Usefulness of the Balance Sheet:
1. Provides information about the resources owned by a firm, owners’ funds and the outside liabilities.
2. Helps in the predicting the amounts, timing and uncertainty of the future cash flows.
3. Provides information on a firm’s liquidity, solvency and financial flexibility.
a. Liquidity relates to the short-term financial soundness of a business, i.e., ability of a firm to meet the short-term obligations. It is tested by comparing the current assets (the cash realizations in the near future) with the current liabilities (the payments to be made in the near future). Stockholders also use this ratio to determine if the firm has enough liquid funds either to pay dividends to buy back shares.
b. Solvency refers to the long-term financial soundness of a firm, i.e., does the company have enough assets to pay its long term debts as they fall due? Generally, if the ratio of long-term debts to the owners’ equity is too high it indicates that the burden of future principal and interest repayments is likely to be high.
c. Financial flexibility refers to the ability of a firm to use its cash flows to respond to unexpected needs and opportunities. It is a function of liquidity and solvency. The higher the level of liquidity and solvency the greater the ability of a firm to survive financial setbacks or to take advantage of any profitable investment opportunities.

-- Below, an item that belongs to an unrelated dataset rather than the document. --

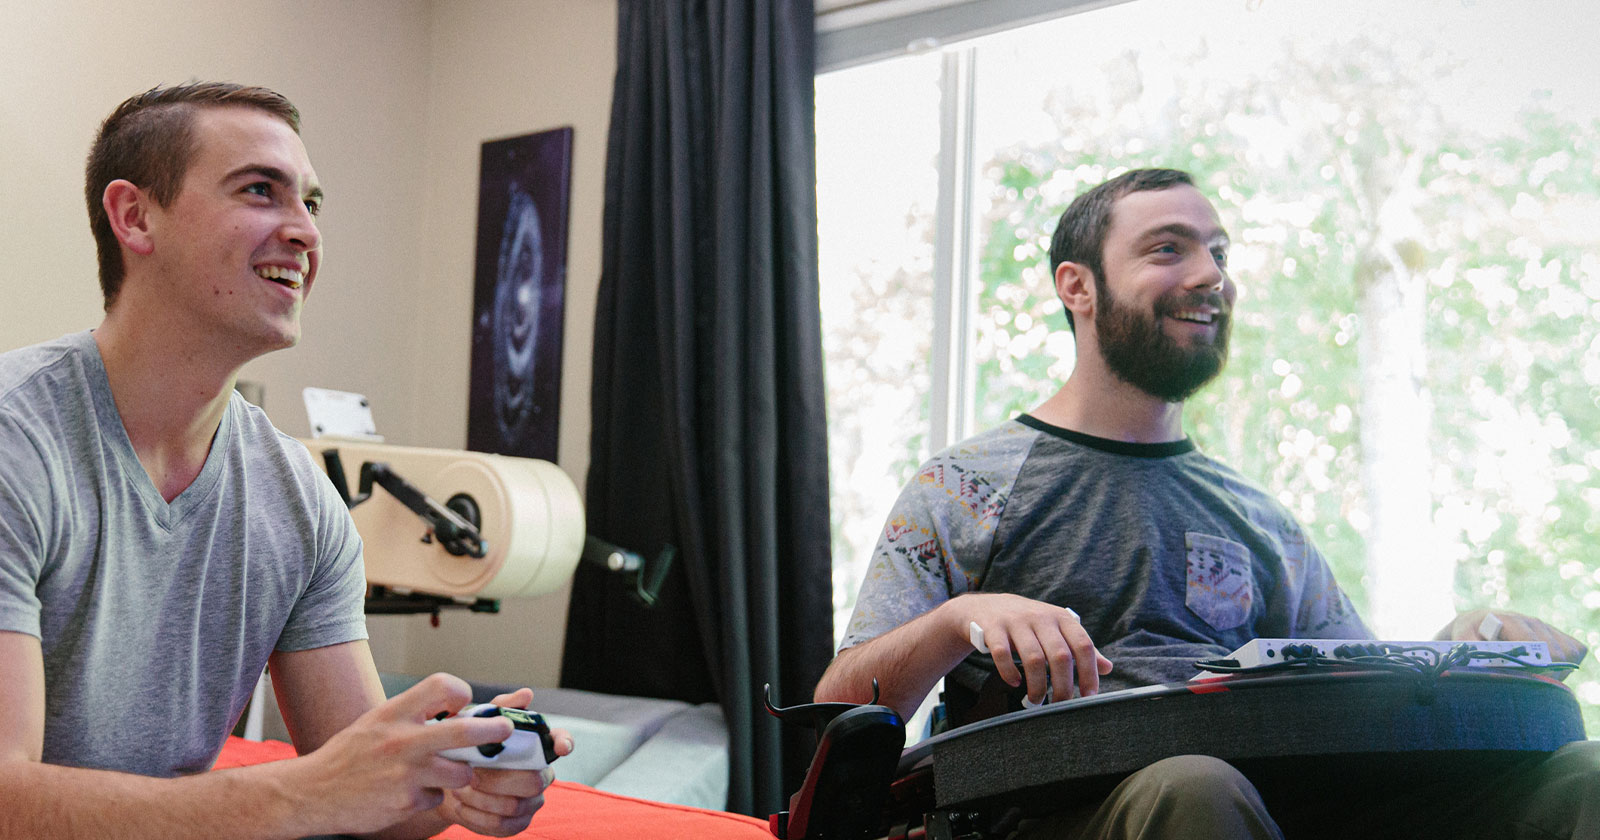 Spencer Allen disfruta de un videojuego con su amigo usando el Xbox Adaptive Controller.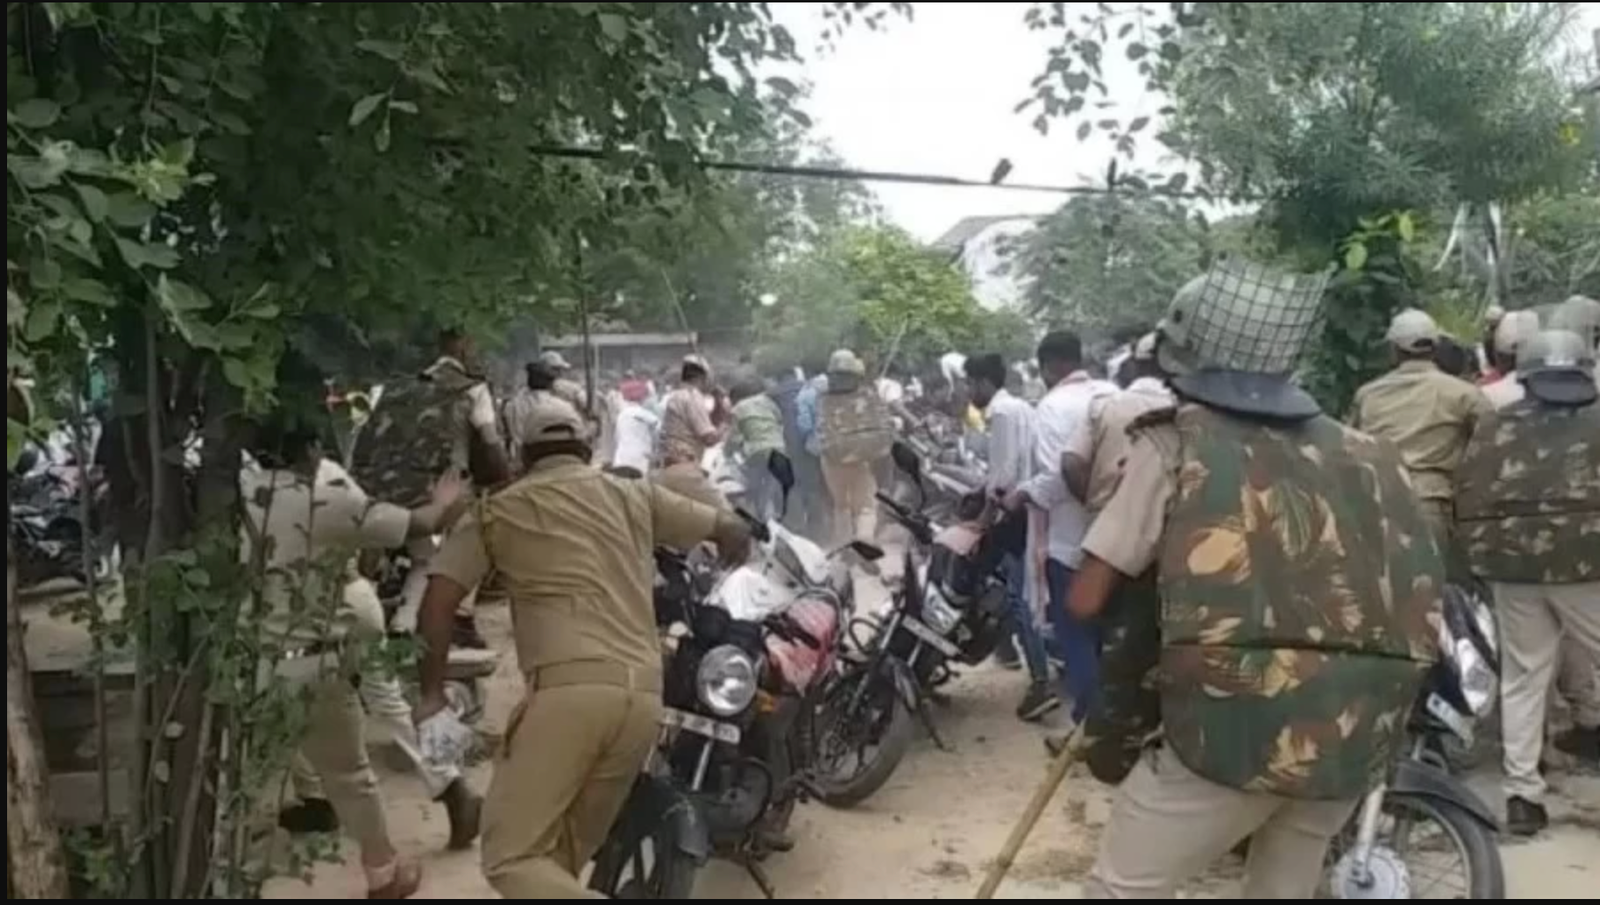 शाहपुरा में हुआ राज्य मंत्री का समारोह विवादित: पुलिस ने प्रदर्शनकारियों को किया लाठीचार्ज

That many of the airlines like Northwest and US Airways filed for bankruptcy after the Sept.11, 2001 attack indicates that they were experiencing low levels of financial flexibility as was evident from their financial statements.
Limitations of the Balance Sheet:
1. Most assets are reported at historical cost which makes the statements more reliable but less relevant since they are not updated to current values.
2. The use of judgments and estimates to report items like anticipated bad debts, estimated useful life of an asset, pension liability, etc. gives room for earnings management and makes the statements less reliable.
3. Assets of considerable value like technological know-how, market dominance or skillful employees are not reported in the balance sheet since it is hard estimate their financial value.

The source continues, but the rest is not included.